K Number
K200905
Device Name
HealthMammo
Date Cleared
2020-07-16

(101 days)

Product Code
Regulation Number
892.2080
Panel
RA
Reference & Predicate Devices
AI/MLSaMDIVD (In Vitro Diagnostic)TherapeuticDiagnosticis PCCP AuthorizedThirdpartyExpeditedreview
Intended Use

The Zebra HealthMammo is a passive notification-only, parallel-workflow software tool used by MQSA-qualified interpreting physicians to prioritize patients with suspicious findings in the medical care environment. HealthMammo utilizes an artificial intelligence algorithm to analyze 2D FFDM screening mammograms and flags those that are suggestive of the presence of at least one suspicious finding at the exam-level. HealthMammo produces an exam-level output to a PACS/Workstation for flagging the suspicious case and allows worklist prioritization.

MQSA-qualified interpreting physicians are responsible for reviewing each exam on a display approved for use in mammography according to the current standard of care. HealthMammo device is limited to the categorization of exams, does not provide any diagnostic information beyond triage and prioritization, does not remove images from the interpreting physician's worklist, and should not be used in lieu of full patient evaluation, or relied upon to make or confirm diagnosis.
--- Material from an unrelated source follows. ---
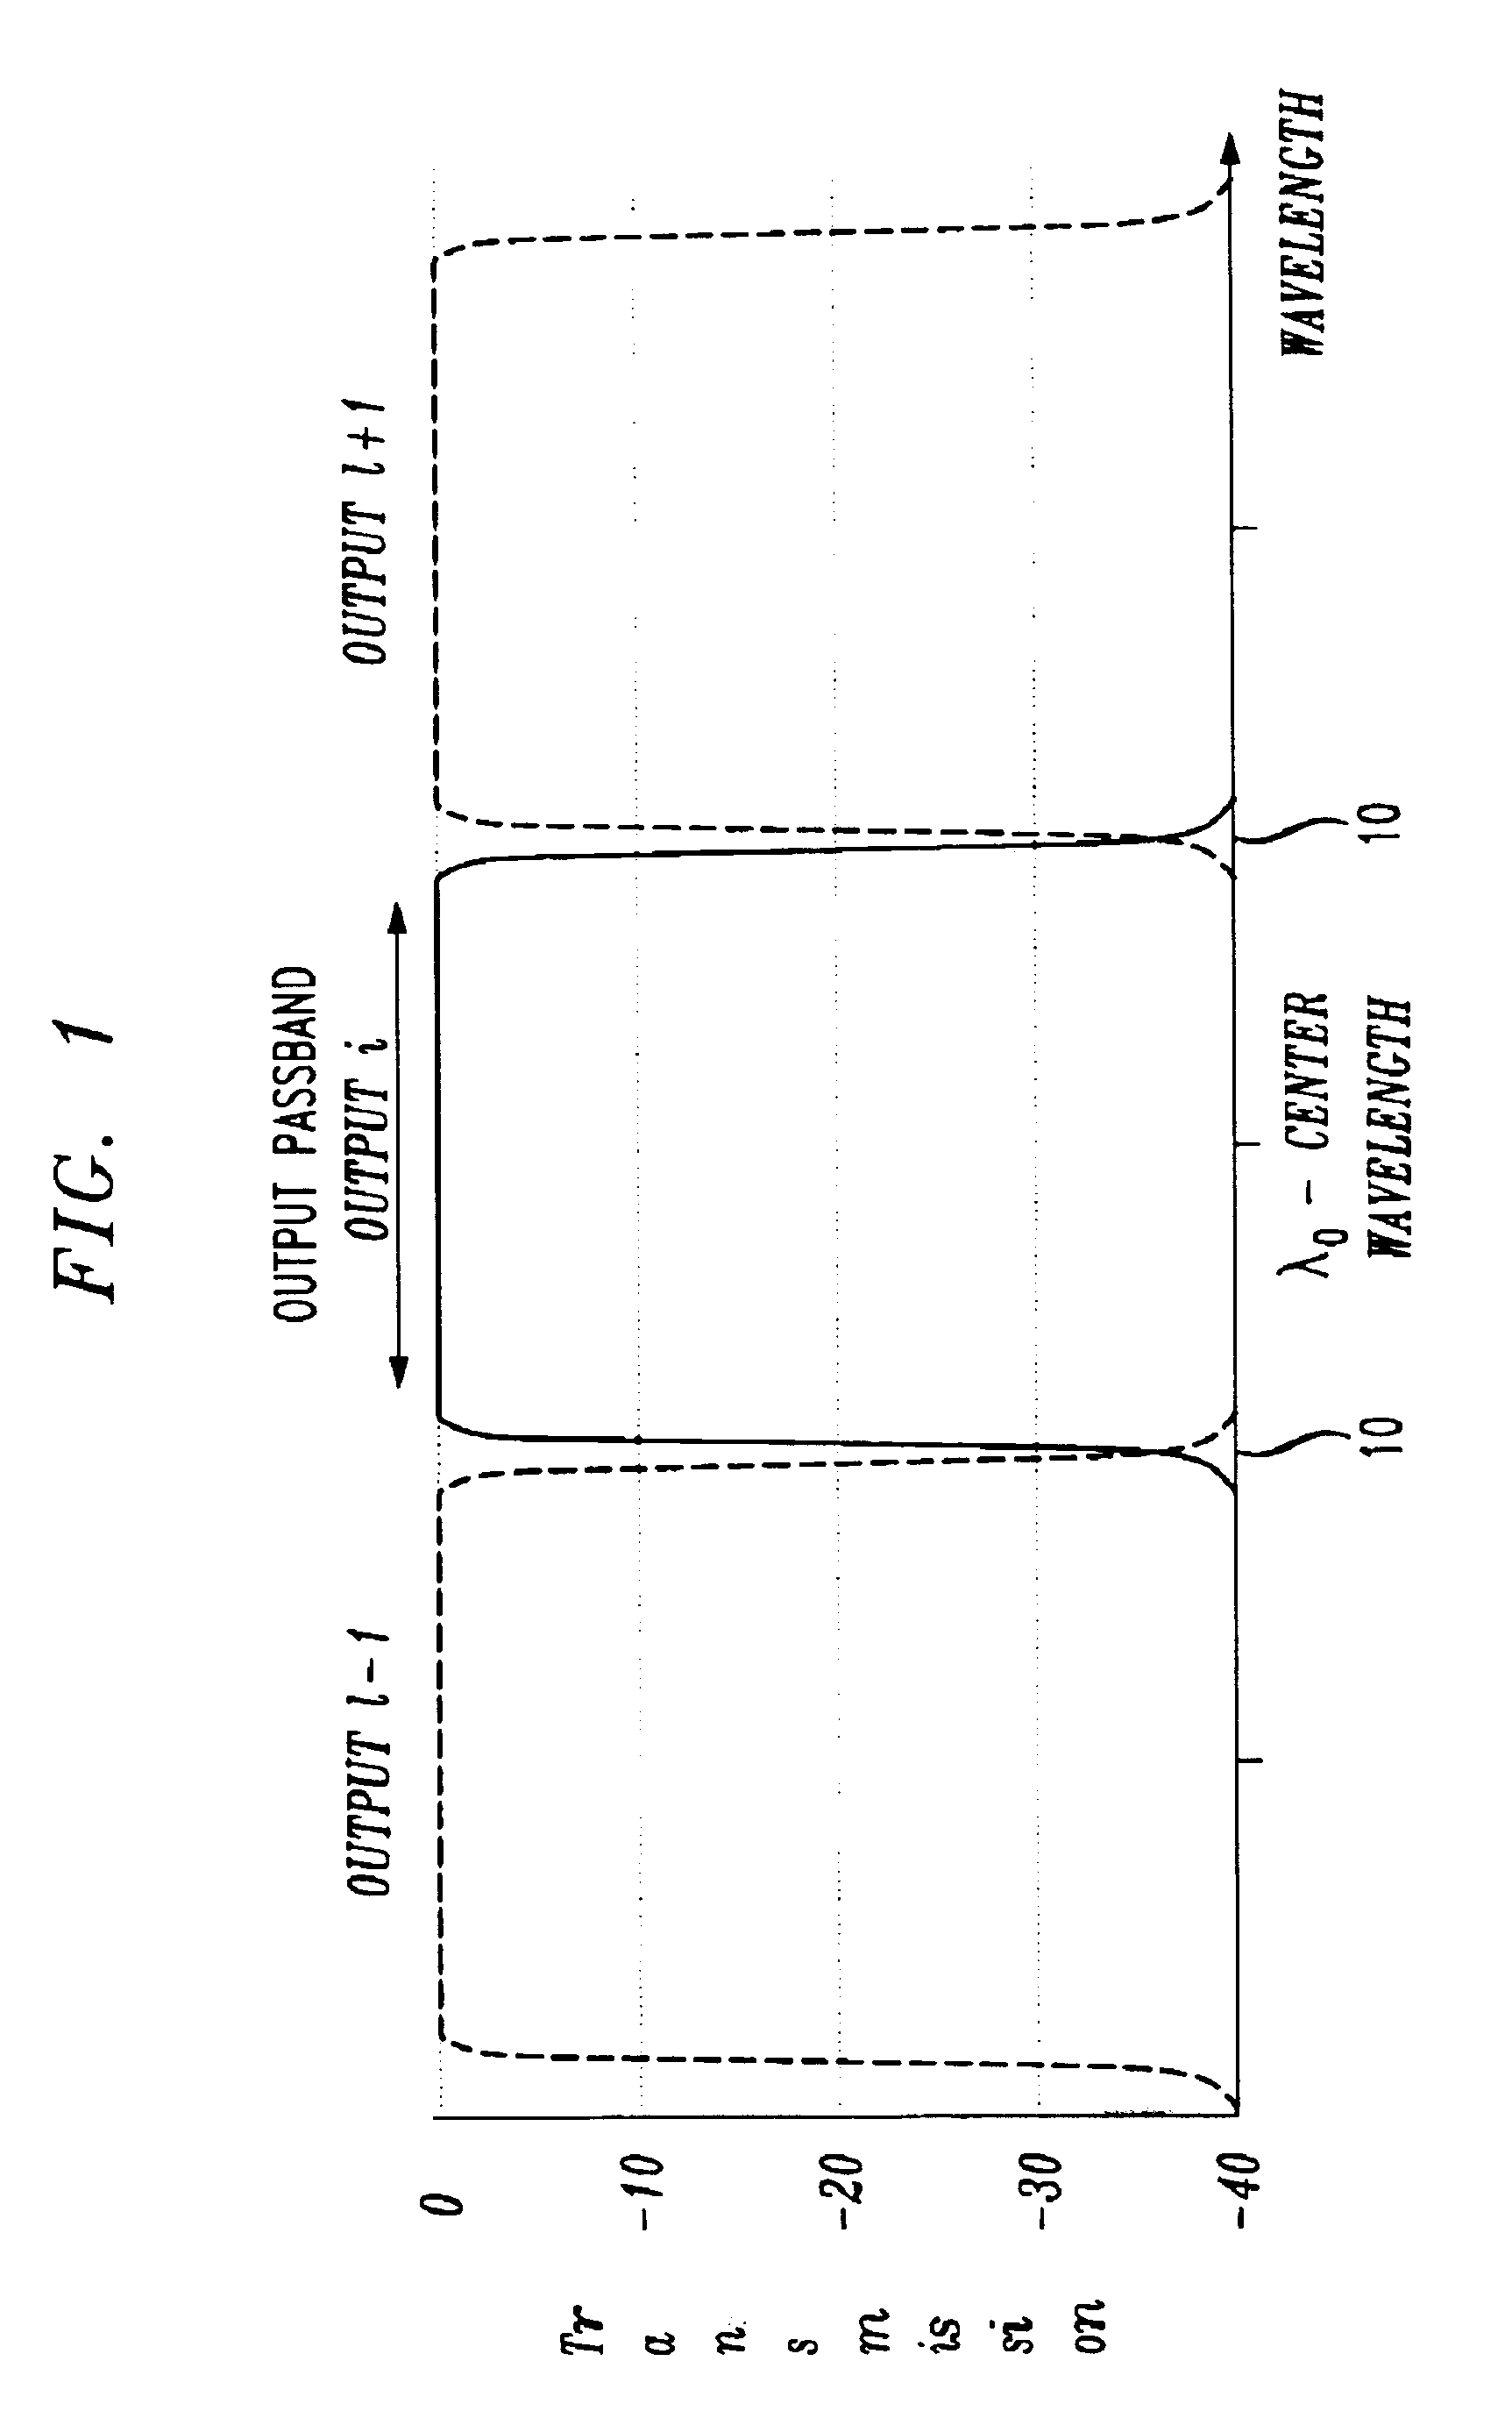 Method and apparatus for spatial-shift wavelength multiplexing in communication systems

The HealthMammo device is intended for use with complete 2D FFDM mammography exams acquired using validated FFDM systems only.

Device Description

Zebra's HealthMammo solution is a software product that automatically analyzes 2D FFDM screening mammograms and notifies PACS/workstation of the presence of suspicious findings in the scan. This passive-notification allows for worklist prioritization of the specific scan and assists clinicians in viewing prioritized scans before others. The device aim is to aid in prioritization and triage of radiological medical images only. It is a software tool for MQSA interpreting physicians reading mammograms and does not replace complete evaluation according to the standard of care.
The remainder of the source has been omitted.